GE has also increased global manufacturing capacity and output for critical medical equipment like CT scanners, ultrasound devices, mobile X-ray systems, patient monitors, and ventilators and has quadrupled the capacity of ventilator production to help address the ongoing demand.
Much of this equipment has been delivered to the emerging Europe market, and one of the most important deliveries has been of CTs-in-a-box, non-permanent facilities that allow for an increase in the number of CT examinations in a short time preserving safe and efficient movement of patients around the facility.
Nine of these have been installed in Poland, and two in Romania. Poland was also able to make use of a 1,300-strong shipment of GE Healthcare patient monitors which started arriving at hundreds of public hospitals throughout the country shortly before Christmas 2020. To make sure devices would be delivered as soon as possible, employees from different offices of the firm engaged in the process.
What is more, in January, GE Healthcare launched a new AI-based research project at its research and development centre in Hungary.
The project, to be implemented with a total investment of 3.35 billion forints (nearly 10 million euros) with support from the local government, will allow the implementation of new artificial intelligence-based solutions developed for global markets.
Lessons learnt
Moving forward, while the reaction of firms such as GE Healthcare has been impressive in its speed and scale, lessons must be learnt so that a future crisis can be dealt with in a better manner and the private sector may be the source of meaningful insights and best practices.

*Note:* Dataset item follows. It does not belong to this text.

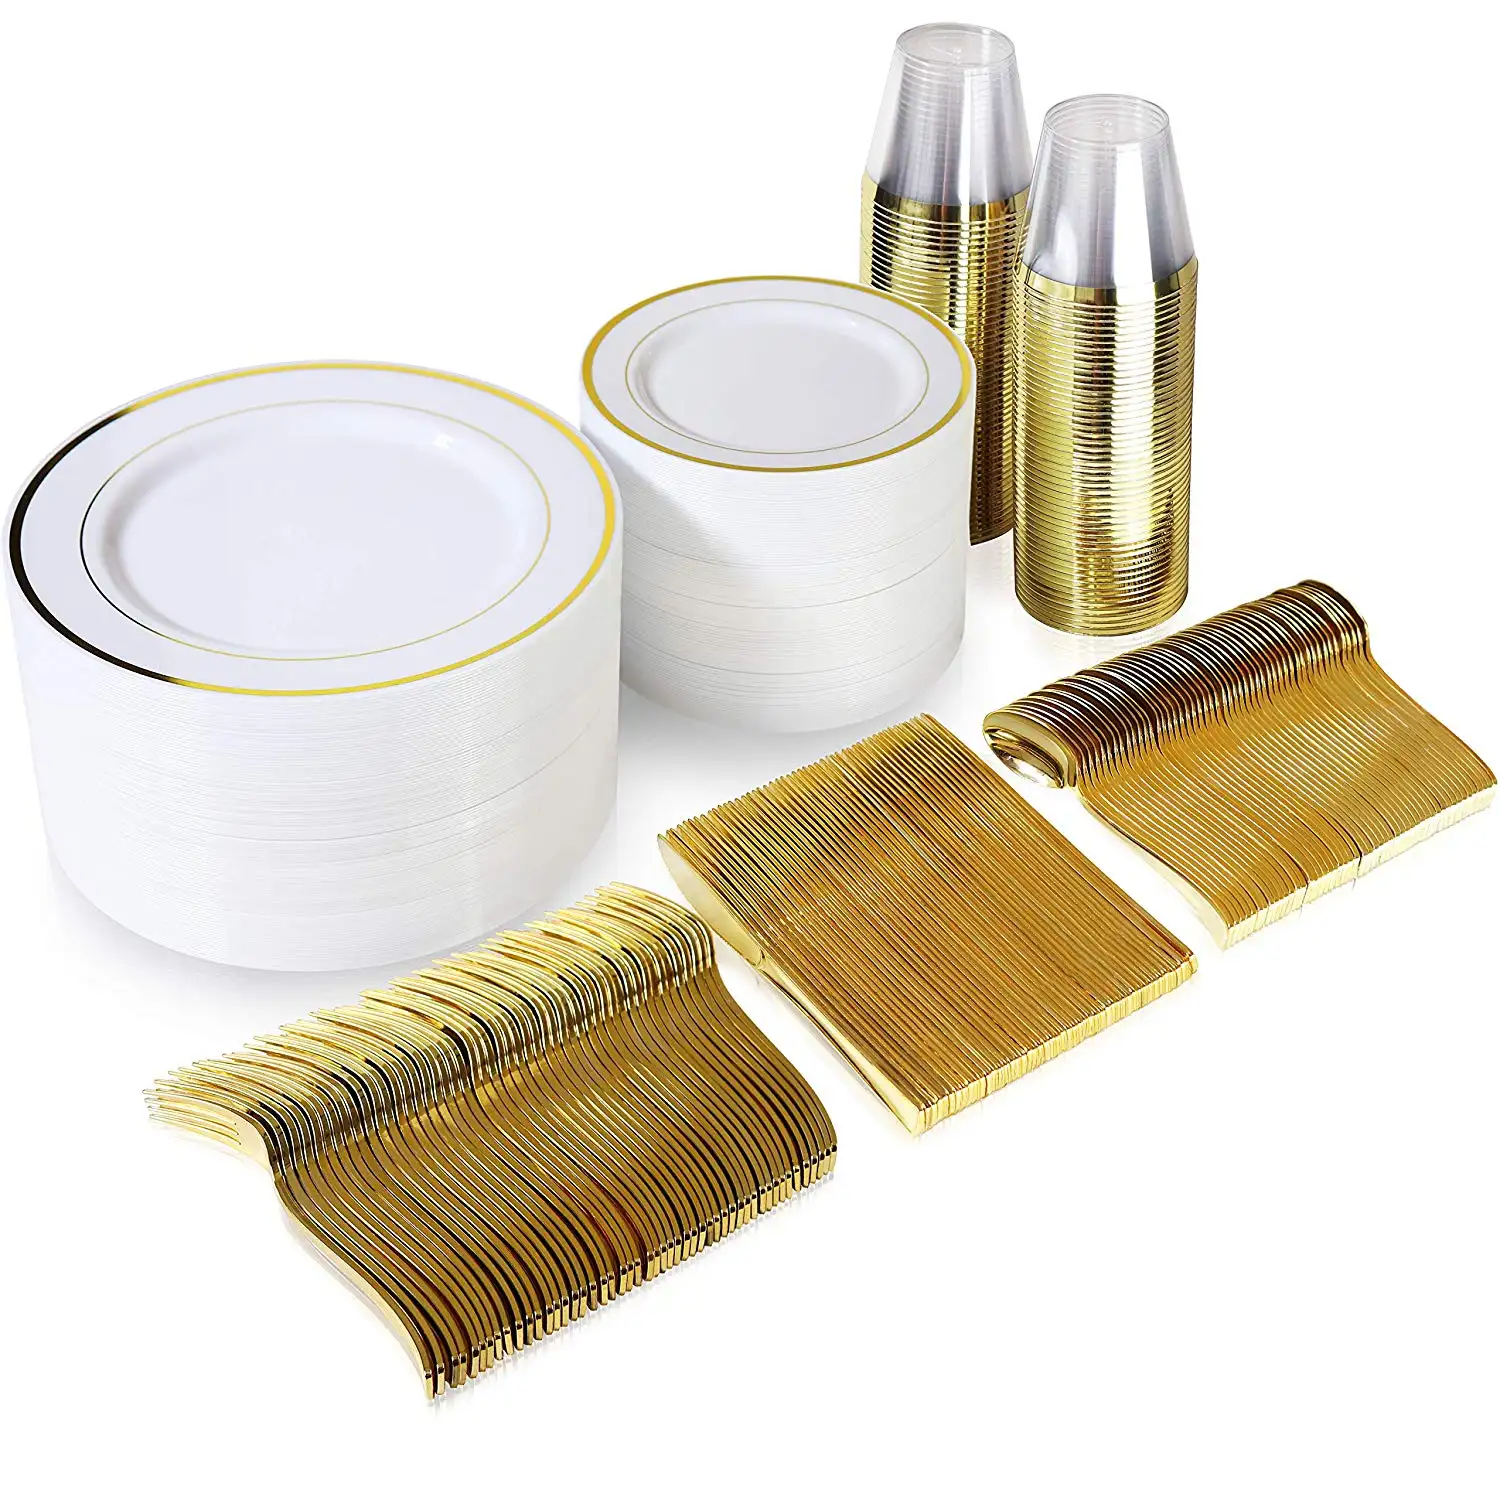 Placas de plástico douradas, conjunto de louças descartáveis, 25 unidades de placas de jantar, copos, garfos, facas, colheres

“The most fundamental gap that the current crisis has exposed is the absence of planning,” says Deligiannis. “Although this is evident in other regions too, in Eastern Europe healthcare has been growing and maturing in a completely non-organised way.
“Each government has its own priorities; various centres of influence have been promoting their interests, while on a national level, there is no strong and clear strategic plan.
“This crisis has clearly demonstrated that we have to focus our thinking and devise a 360-degree strategy that will allow for an integrated development of healthcare.”
Deligiannis is also adamant that more cooperation among public and private sectors will be needed.
“Another very important point highlighted by Covid-19 is the lack of mechanisms to integrate public and private healthcare sectors,” he says. “We have seen that in many countries, the critical ICU infrastructure in the public sector is insufficient. At the same time, there is a strong private sector, which is not included in the response plans – or at least was not included in the beginning. Covid-19 has been a call to accept that the private sector is there.”
“Nobody knows what the future holds, but I believe the hardest part is behind us, in the sense that the shock will not be a shock anymore,” he concludes. “Life will get back to a new normal soon, and from 2022 a heavy transformation of the healthcare sector will begin, especially in Eastern Europe.”